APS Reductasa de Desulfovibrio desulfuricans

VANINA G. FRANCO; ALBERTO RIZZI; CARLOS D. BRONDINO

Cordoba

Congreso; XVII Congreso Argentino de Fisicoquímica y Química Inorgánica; 2011

Introducción. El sulfato es una molécula no reactiva que puede ser activada para participar en reacciones metabólicas de reducción y transferencia de azufre.i Las bacterias reductoras del sulfato (BRS) pueden utilizar el sulfato como aceptor terminal de electrones produciendo sulfuro (reducción desasimilatoria de sulfato). El paso clave en el ciclo del azufre es la conversión de sulfato a sulfito, donde interviene la enzima APS Reductasa. La enzima aislada de Desulfovibrio desulfuricans es heterodimérica. La subunidad α, de 75 KDa, posee una flavina (f) asociada covalentemente. La subunidad β, de 18 KDa, posee 2 clusters [4Fe-4S] denominados FeS1 (I) y FeS2 (II). La flavina y los centros FeS son paramagnéticos en determinados estados redox por lo que pueden ser monitoreados mediante la técnica de EPR (Figura 1). Los 3 centros están a lo largo de una cadena de transferencia electrónica, esencial para el funcionamiento de la enzima.
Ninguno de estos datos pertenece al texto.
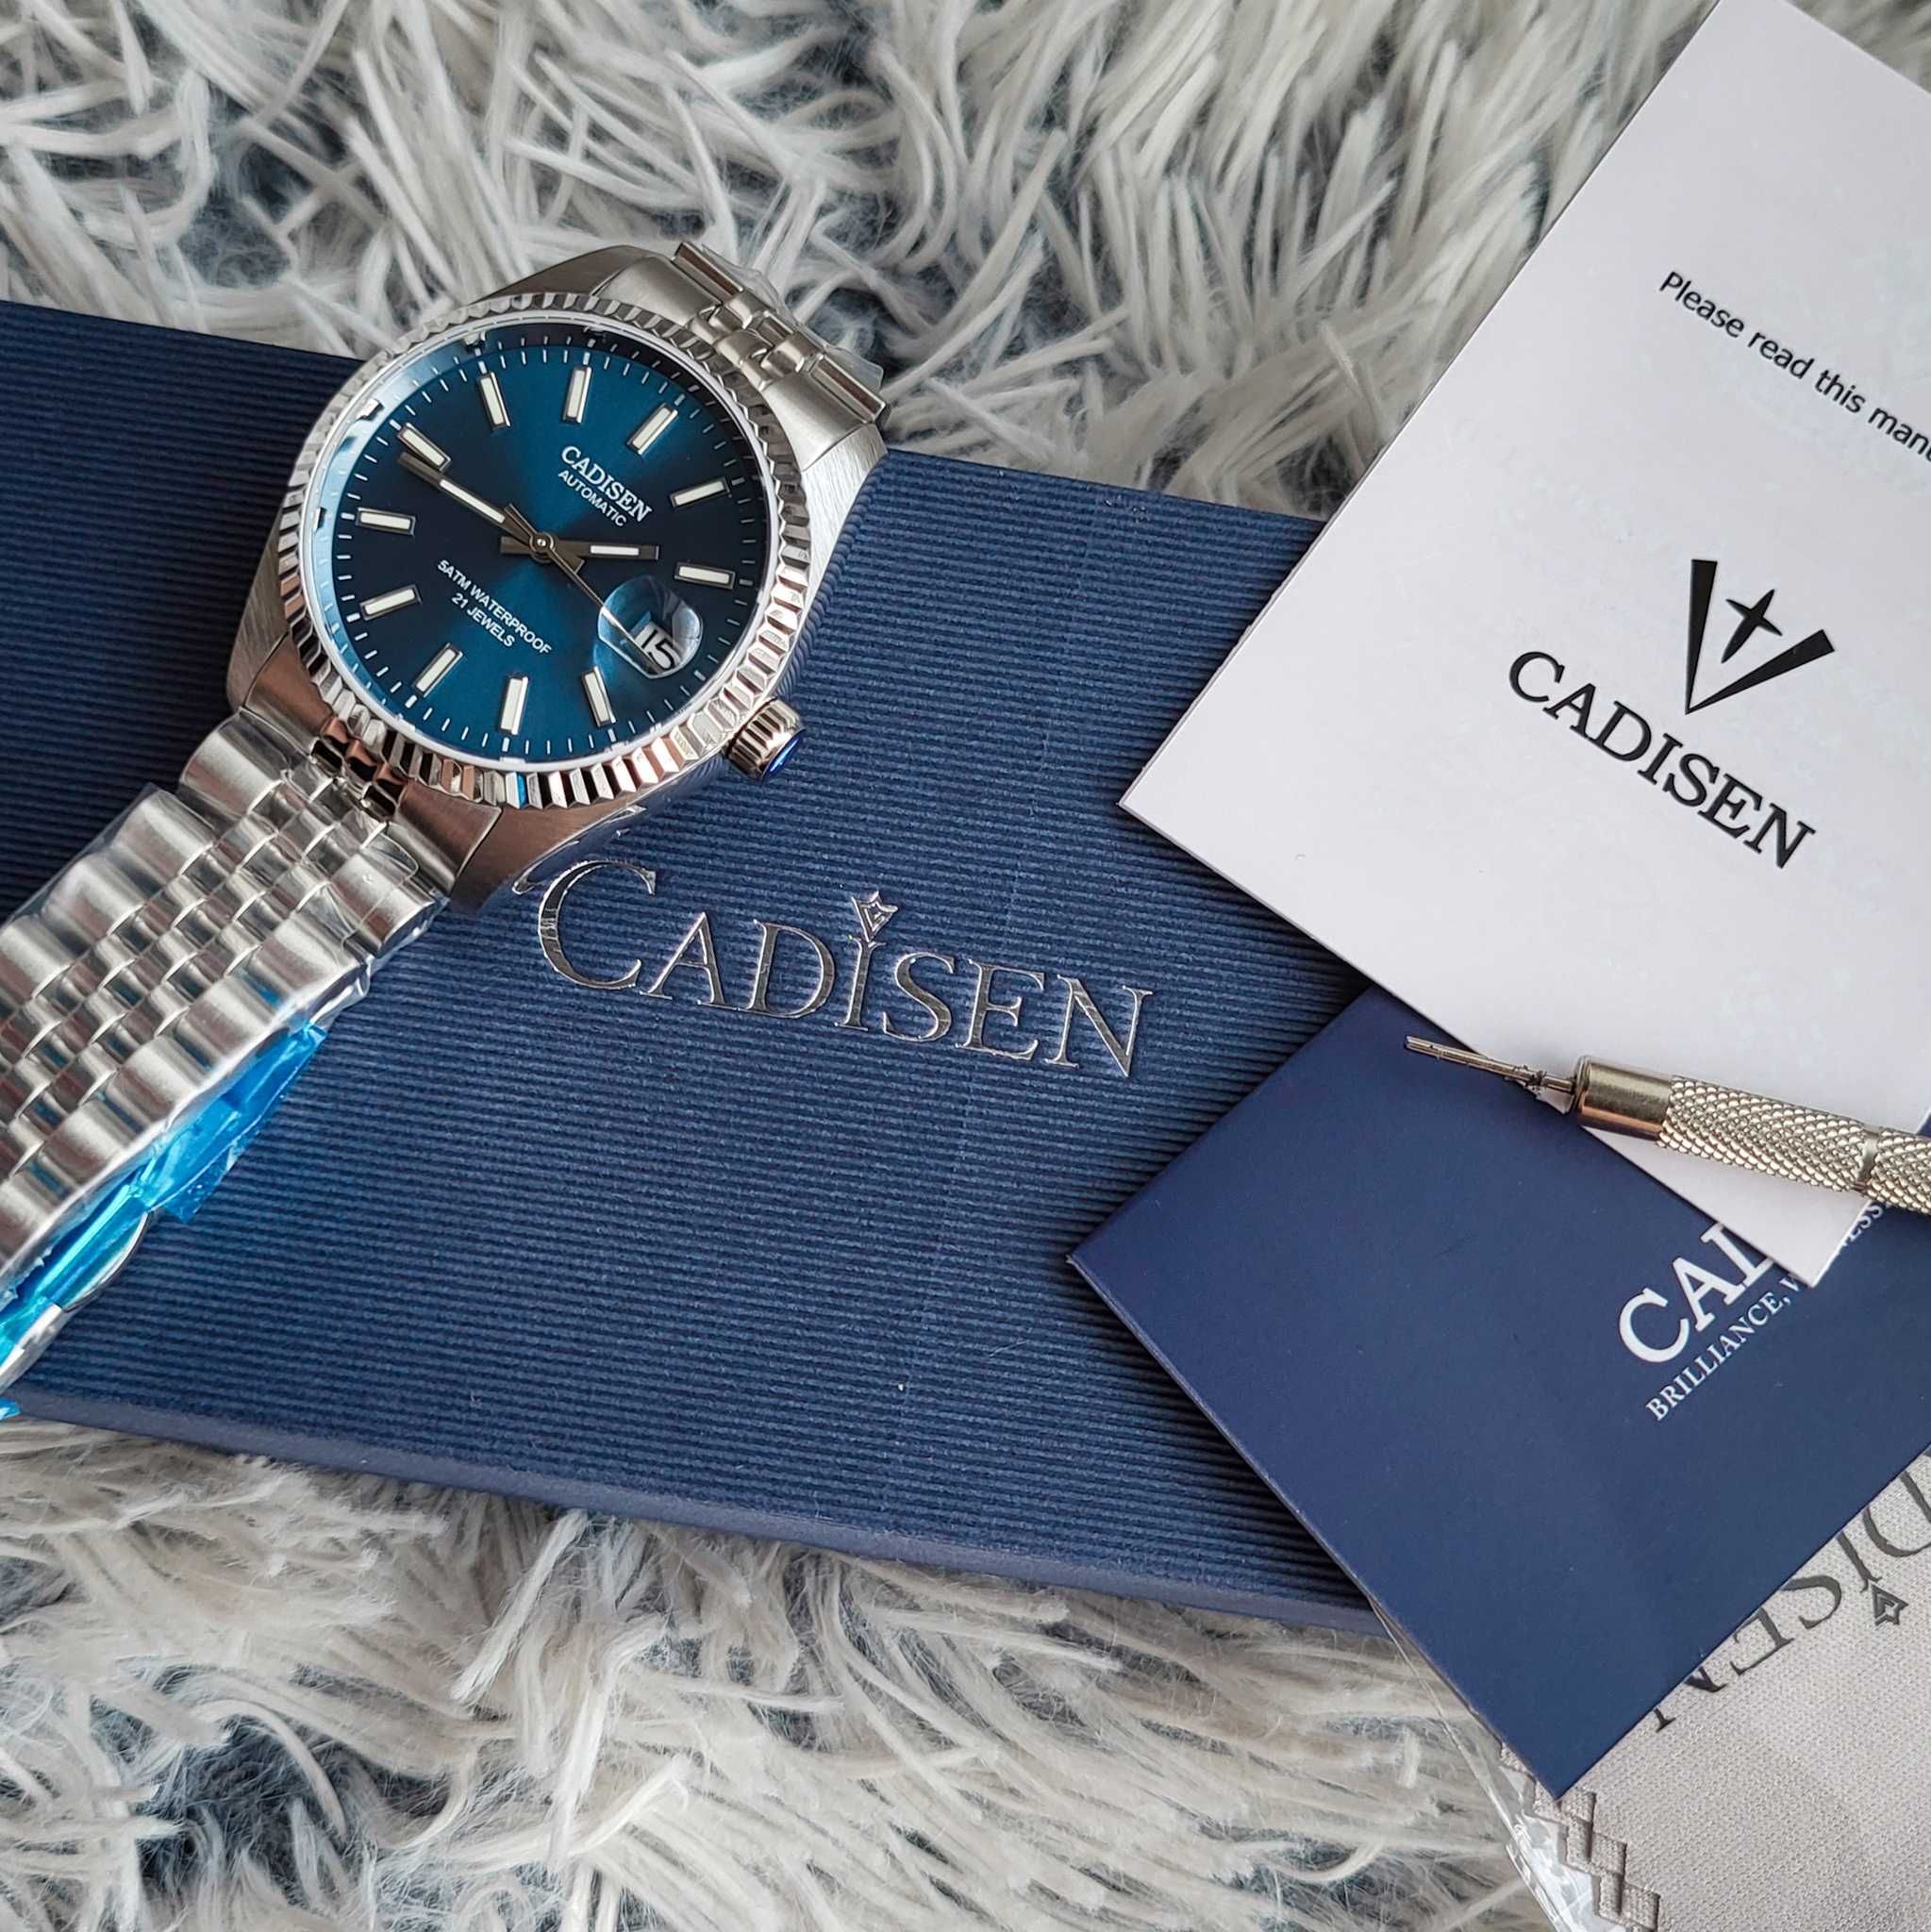 Zegarek Cadisen automat błękitna tarcza srebrny

Se ha establecido que los centros I y II están acoplados magnéticamente, pero se desconoce si la flavina está acoplada al centro FeS más próximo. Tampoco se ha establecido la correspondencia entre los centros detectados por EPR con los determinados estructuralmente.Objetivos. Estudiar mediante EPR la modificación de las propiedades de relajación del radical asociado a la flavina en presencia de los centros metálicos FeS, con el fin de realizar correlaciones magneto-estructurales.Resultados. Se estudió la proteína en tres estados redox: nativa (f paramagnética) y en dos formas reducidas (f+I paramagnéticos; f+I+II paramagnéticos). Se tomaron espectros de EPR de las muestras variando la potencia de microondas desde 200 a 0,2 mW a una temperatura de 60 K y se evaluó la intensidad de la línea de resonancia correspondiente a la flavina en función de la potencia de microondas. Con el modelo utilizado por Makinen,ii se calculó la potencia media de saturación (P50) para cada estado redox: P50f = 0,1 mW; P50I = 1,0 mW; P50II = 4,8 mW.Conclusiones. Los datos muestran que: La flavina está acoplada magnéticamente al centro FeS1, lo que sugiere que el FeS1 es el centro proximal La velocidad de relajación de la flavina se incrementa cuando el FeS2 es paramagnético lo que confirma que los tres centros están acoplados magnéticamente.Referencias bibliográficasi Gavel et al, Biochemistry 1998, 37, 16225-16232.ii Makinen et al, P.N.A.S. 1981, 78, 10, 6221-6225.